Positive 2H17 results: Cathay's 2H17 results returned to profit of HK$792mn, after a significant net loss of HK$2bn in 1H17. This was mainly driven by a 19% surge in cargo revenues, which saw an 11.3% YoY recovery in yield, and robust cargo volumes (RFTK: +9% YoY). In addition, thanks to management's execution of its business transformation programme, unit costs (ex-fuel costs) remained flat.
Raising 2018-19e earnings: Given better-than-expected earnings performance in 2H17, we raise our 2018-19 net profit forecasts by 10% and 2% to HK$1.28bn and HK$4.08bn, and introduce a 2019e net profit of HK$4bn, supported by: 1) further recovery in passenger and cargo yields, 2) less fuel hedging losses amid increasing crude oil prices and 3) more contributions from Air China (18.13% owned by Cathay Pacific).
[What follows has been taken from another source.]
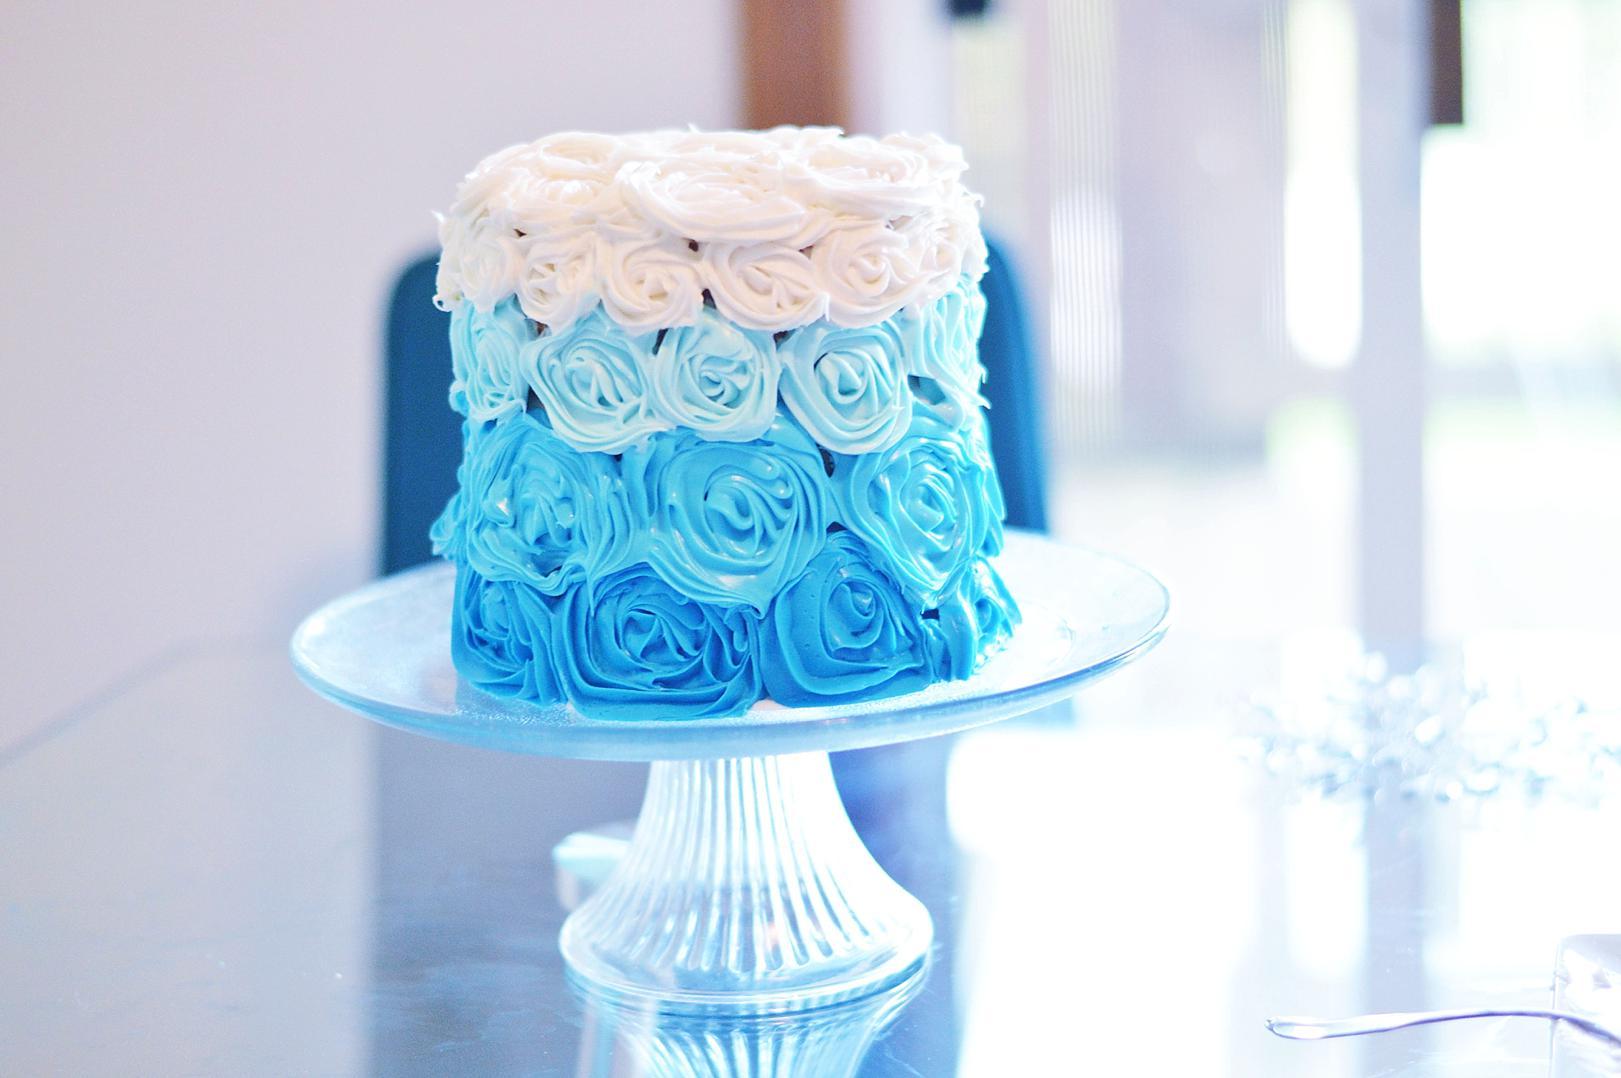 DIY Frozen Party Easy Beautiful Frozen Cake Frozen Party

Remain EW: We raise our price target to HK$15.34 from HK$13.95, to reflect our increased earnings forecasts, but we remain EW given limited 10% upside potential from the current share price. Cathay's stock price has rallied 14% YTD (vs. +5% for the Hang Seng Index). We believe the market has factored in the business turnaround potential, while uncertainties remain on the outlook for export demand growth. More importantly, we are still concerned about: 1) Cathay's strategic position as a Hong Kong-based transit-driven carrier facing intense competition from other countries/regions, and 2) potential traffic diversions after the launch of Guangzhou-Shenzhen-Hong Kong Express Rail Link in 3Q18.
Potential risks: Upside: 1) Stronger-than-expected profit turnaround; 2) Recovery in premium travel and potential stabilization or recovery in cargo demand; Downside: 1) Sustained yield pressure led by market competitions; 2) Exogenous events.